Now that devs can readily integrate 10 PRs on a slow Monday, you'd better be serious about CI/CD (says the DevOps guy). My coworker just kicked off a CI job that used 3,000 cores. Did she bat an eyelash? Nah — it's $4, it'll get us some useful answers. Our compute provider hit a regional stockout (wasn't me) and we auto-routed around it. Our modest eng team ran 117,000 CI jobs in the last 30 days. About 4,000 jobs per contributor. All worth it when you've got a half-dozen agents coding, fixing, and validating on your behalf. Rockout to the stockout. Bits are cheap, light is fast, life is short. LFG.

Where we're going, we don't need IDEs

I haven't opened IntelliJ Ultimate in months — best tool, btw. I say this at conferences and people look at me in disbelief. You only need an IDE if you're reading or writing the code yourself. That's very 25Q4. My setup now: tricked-out tmux and eight Claude Code sessions running in parallel. The reason this works at all: years of investing in CI automation, linting, test coverage, and reviewer tooling. Those bets are paying off. Without that scaffolding, eight parallel agents would just be 8x the ways to break main. My job is approving the PRs, challenging the assumptions and the designs, keeping the agents honest. I'm here to spot the square wheels, catch the BS, avoid the foot guns, and keep this machination a cohesive whole. Type 2K lines yourself, then spend all day reviewing them? No, it's 2026, y'all. We've got tools for that. LFG.

It's time for Beast Mode: be uncomfortably motivated

I'm an efficiency addict. I eschew slowness. First tech job out of college in 2010, I brought my own pair of widescreen LCDs into the office because the standard 17" square was unworkable — facilities was annoyed. I bought 3x the RAM with my own cash and upgraded the machine; IT warned I might burn the building down. I used Cygwin and scp instead of CMD and drag-and-drop, and management called me "uncomfortably motivated." Sixteen years on, we have agents with whale-size brains running parallel jobs while we sleep. Hardware helps — 128GiB of RAM, four monitors, 2-gig fiber, 32 cores. But the rig is just one example. Buy your own gear if you have to. Install the better tool. Ignore the polite limit. This is the time to literally be a 100x engineer. LFG.

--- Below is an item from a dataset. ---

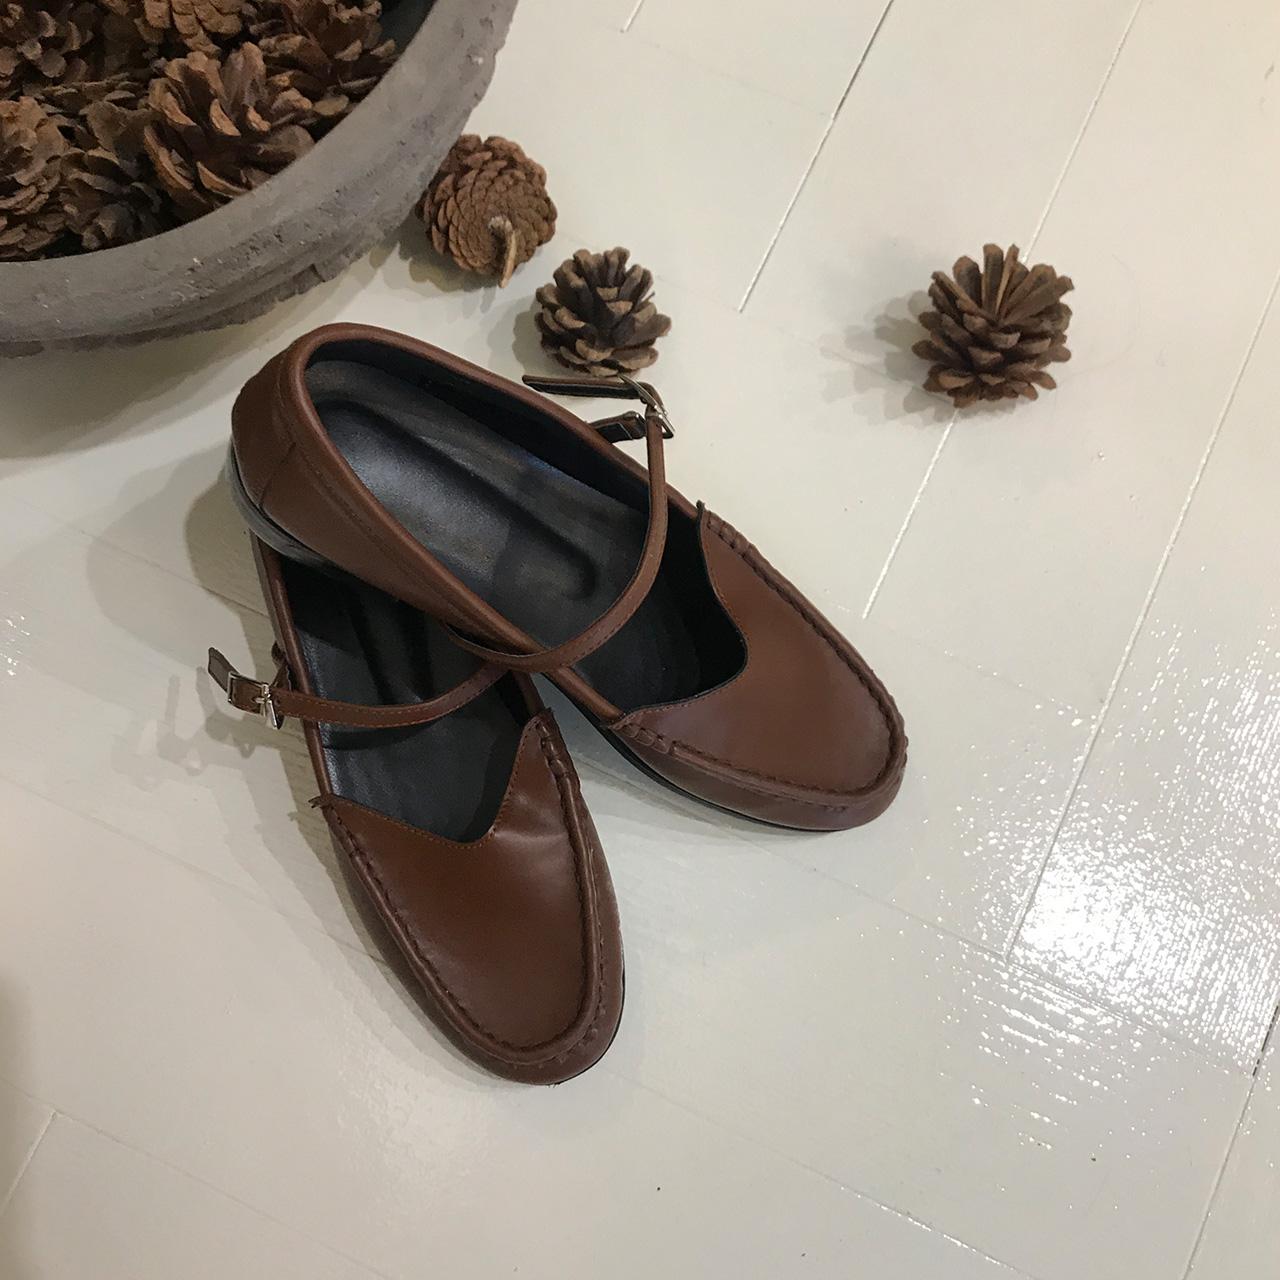 Classic strap shoes

Recovering human data vacuum: scheduled agents on alerts, opex, logs, weather

I'm a recovering human data vacuum. There's never enough time to watch dashboards, sift the overnight 5xx spike, scroll service logs, eyeball opex, and then go build something. So I stopped doing it. I have scheduled Claude agents running against monitoring alerts, opex, service logs, and yes — today's weather (boots for my tot's?). They run on a cron, do the boring analysis, and only ping me if something is actually sliding sideways. Slack DMs and @mentions land in my client; email is for dinosaurs. The point is to protect my own context window — every minute I spend triaging a chart that turned out to be fine is a minute I'm not building the next thing. Agents are unreasonably good at the "skim a wall of telemetry, surface the one weird thing" job. So I let them. LFG.

Why our merge queue stops: a four-way race between matrix builds, runner names, GCP quota, and Pub/Sub.

Our productivity is up roughly 4x quarter over quarter. The thing I keep working on is making sure the build infrastructure can actually keep up. CLI builds intermittently failing on a datastore emulator issue. Self-hosted runners missing Docker. JDK downloads from Adoptium failing at random. The worst was a pernicious interplay between simultaneous matrix builds, GitHub's pre-registered runner names, GCP's 5-VM-per-call rate limit, and Pub/Sub retries — when all four collide, the merge queue stops moving. Our merge queue alone has cost us a day at a time when it breaks.

None of this work is glamorous. Cache config, runner audits, log diving, hunting down Pub/Sub retry semantics. But the math is straightforward: every minute the merge queue is broken is a minute the rest of the agentic pipeline is sitting idle. AI-native throughput needs reliable builds underneath it for the upstream gains to compound. Agents can write code as fast as they want — if main can't merge, none of it ships. So I keep investing here. It's the least visible work and the highest-leverage.